G. Grolemund, Hands-On Programming with R, Sebastopol CA: O'Reilly, 2014. A readable, easy-to-follow, basic introduction to R programming, which also introduces RStudio.

R. Ihaka and R. Gentleman, “R: A language for data analysis and graphics.” Journal of Computational and Graphical Statistics, 5:299-314, 1996. The original published description of the R project, now quite out of date but still worth looking at.

W. N. Venables and B. D. Ripley, S Programming. New York : Springer, 2000. A companion volume to Modern Applied Statistics with S, and at the time of its publication the definitive treatment of writing software in the various versions of S-PLUS and R; now increasingly dated, particularly with respect to R, but still useful for its programming advice. Brian Ripley is a member of the R Core group of developers, and Bill Venables is a member of the R Foundation.

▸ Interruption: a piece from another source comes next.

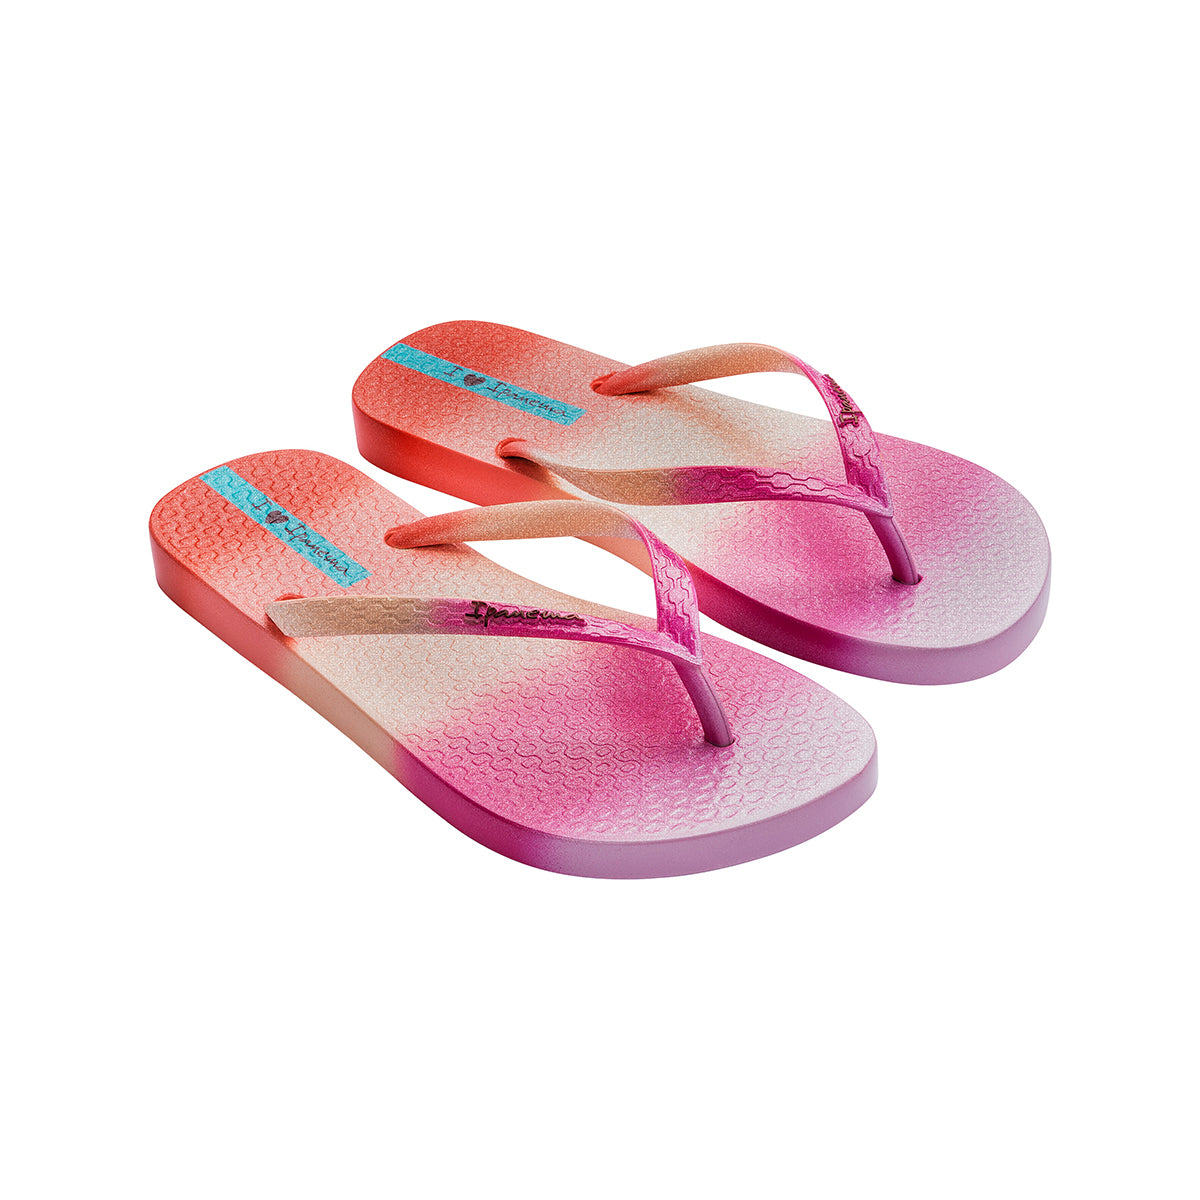 Ipanema Flip-Flops For Women, Assorted Colors

H. Wickham, Advanced R. Boca Raton FL: Chapman and Hall/CRC, 2015. Hadley Wickham has contributed a number of widely used R packages (such as ggplot2 for graphics and plyr for data manipulation) and is associated with RStudio. As the name implies, you may (and should!) be interested in reading this book after you’ve learned the basics of R programming. A related volume by Wickham, R Packages, Sepastopol CA: O'Reilly, 2015, is (as its name implies) about how to write R packages. Wickham's approach to R programming is sometimes idiosyncratic but always carefully considered and interesting. The websites for the books provide access to the text. Hadley Wickham is a member of the R Foundation.

Xie, Y., Dynamic Documents with R and knitr. Boca Raton FL: Chapman and Hall/CRC, 2013. Yihui Xie describes the use of his knitr package for creating LaTeX documents with embedded executable R code. This package also provides the basis for R Markdown in RStudio.

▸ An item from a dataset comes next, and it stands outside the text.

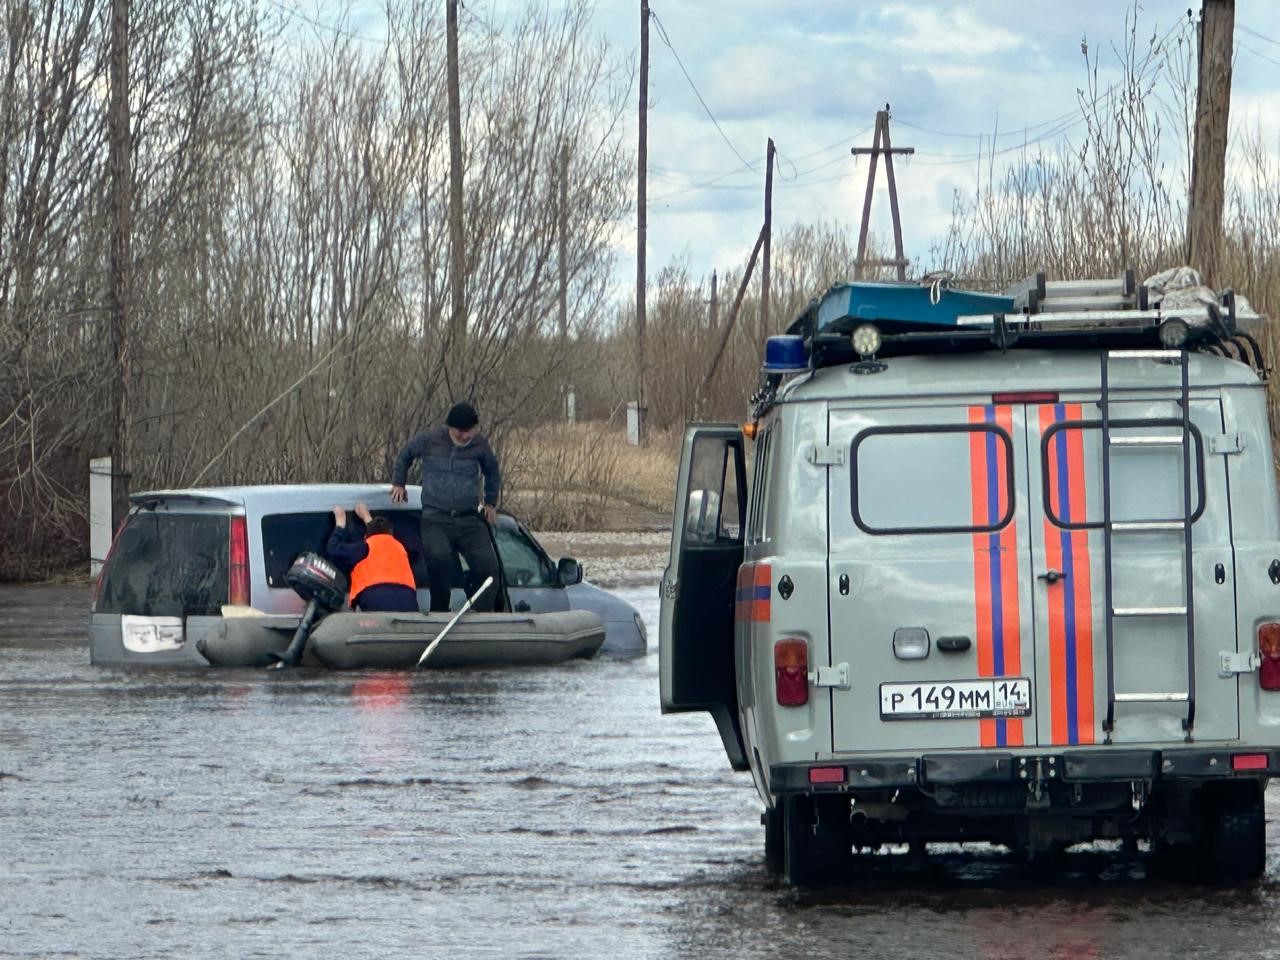 Помощь спасателей потребовалась автомобилистам, застрявшим в ручье в Якутске

Other R Sources (Some Free)

See the publications list on the R web site. The R Journal, the journal of the R Project for Statistical Computing, and its predecessor R News, are also good sources of information, as is the Journal of Statistical Software, an on-line American Statistical Association journal dominated by coverage of R packages.

A Source in Spanish

Maribel Peró Cebollero, David Leiva Ureña, Joan Guàrdia Olmos, Antonio Solanas Pérez, Estadística aplicada a las ciencias sociales mediante R y R-Commander, Garceta grupo editorial (2012).

Some Readings on Structural Equation Models

K. A. Bollen, "Latent Variables in Psychology and the Social Sciences", Annual Review of Psychology, 2002, 53: 605-634. Provides a good brief overview of latent-variable models.

K. A. Bollen, Structural Equations with Latent Variables (Wiley, 1989). Although it is now a bit dated, it's still my favourite book-length treatment of SEMs.

J. Fox, "Linear Structural-Equation Models" (Chapter 4, of Linear Statistical Models and Related Methods, Wiley, 1984). This is the basis of much of my lecture-slide material.